A crise do MAS.
Sinclair Thomson
Em 2025, a Bolívia celebrará duzentos anos de independência do domínio colonial espanhol. Durante este período, o país sofreu inúmeros golpes de Estado. O palácio presidencial, ladeado pela Catedral de La Paz e pela Assembleia Legislativa na Plaza Murillo, tem sido o cenário de muitas destas candidaturas contundentes ao poder político. Ficou conhecido como Palácio Quemado, ou "Palácio Queimado", depois de ter sido incendiado durante uma revolta fracassada em 1875. No entanto, apesar desta história, foi um choque quando catorze veículos blindados invadiram o Plaza no mês passado e arrombaram o portão do palácio. O líder da incursão, general Juan José Zúñiga, entrou no local acompanhado pelos chefes da Marinha e da Aeronáutica e foi recebido pelo presidente Luis Arce Catacora. Arce ordenou que ele se retirasse e retirasse suas tropas. Zúñiga recusou. O confronto durou vários minutos antes de Zúñiga voltar ao seu veículo e retirar-se para o quartel-general do exército em Miraflores.

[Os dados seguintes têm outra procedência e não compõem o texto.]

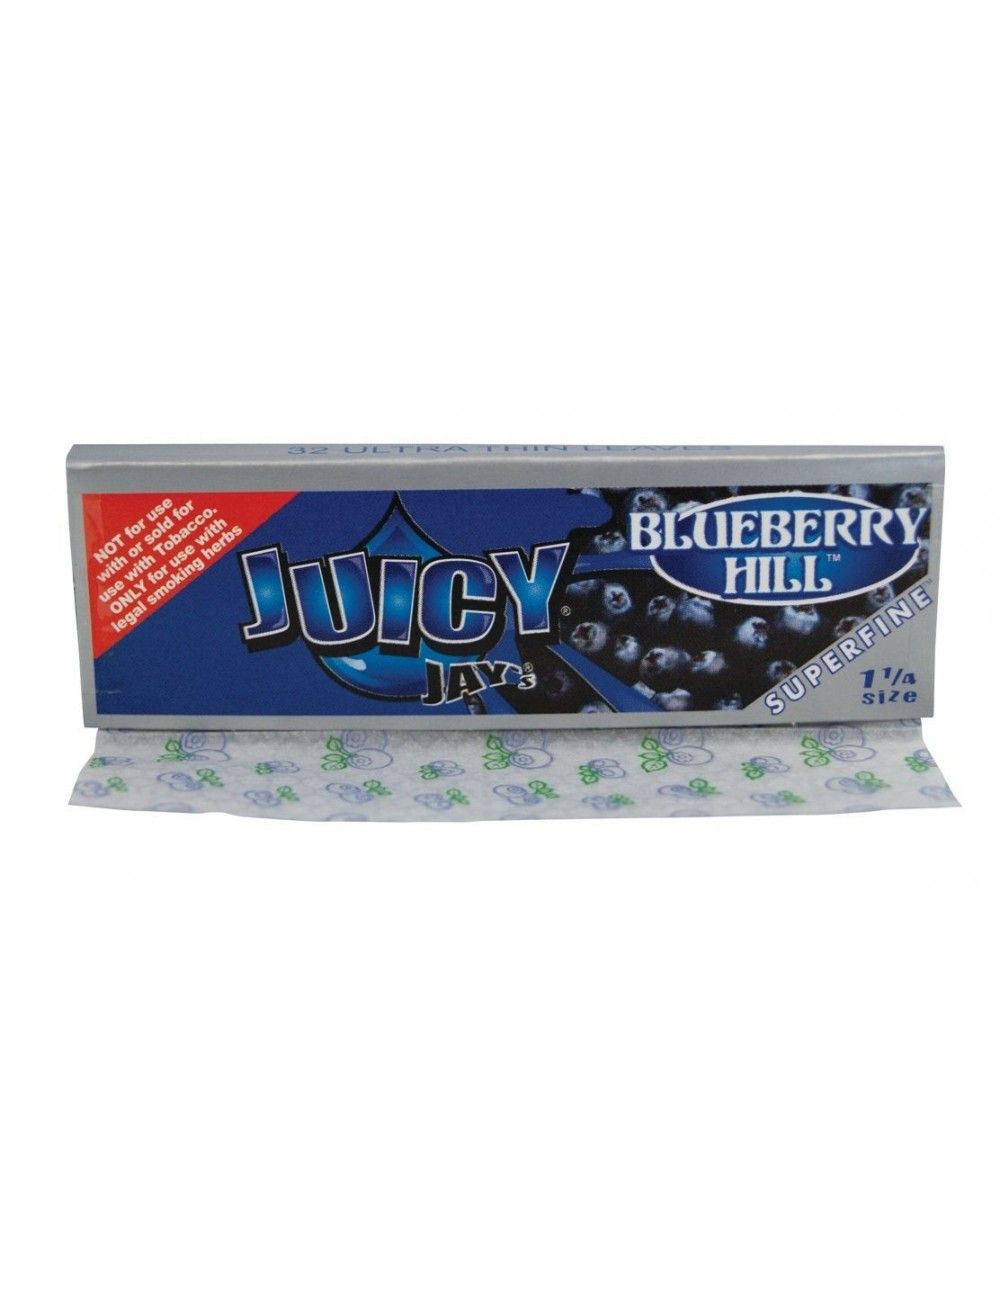 Juicy Jay's Ultra Fine Blueberry Hill

Na sequência do impasse, houve uma onda de apoio a Arce na cidade predominantemente indígena de El Alto e entre setores dos movimentos sociais. No entanto, muitos dos críticos da administração, tanto à esquerda como à direita, acreditaram na alegação de Zúñiga de um autogolpe. Morales, que liderou o partido governante Movimento ao Socialismo (MAS) até à sua destituição em 2019, e que é agora o principal rival de Arce nas eleições presidenciais de 2025, afirmou que o governo orquestrou o incidente para angariar o favor popular. A oposição de direita das terras baixas e as classes médias urbanas concordaram que tudo não passava de um espetáculo político.
No que diz respeito às tentativas de golpe, foi certamente estranho. Não houve disparos de balas, nem mortes, nem ocupações de edifícios governamentais. Mas se fosse encenado, porque é que Zúñiga e os seus cúmplices teriam aceitado o papel de bodes expiatórios? Este episódio obscuro e as respostas conflitantes a ele fornecem uma janela para o atual estado de crise da Bolívia. Duas décadas após o fim da governação neoliberal, o país vive uma espécie de decomposição estrutural. A economia está em declínio constante, a liderança do MAS está profundamente dividida, as instituições estatais estão em erosão e é difícil encontrar visões de renovação nacional.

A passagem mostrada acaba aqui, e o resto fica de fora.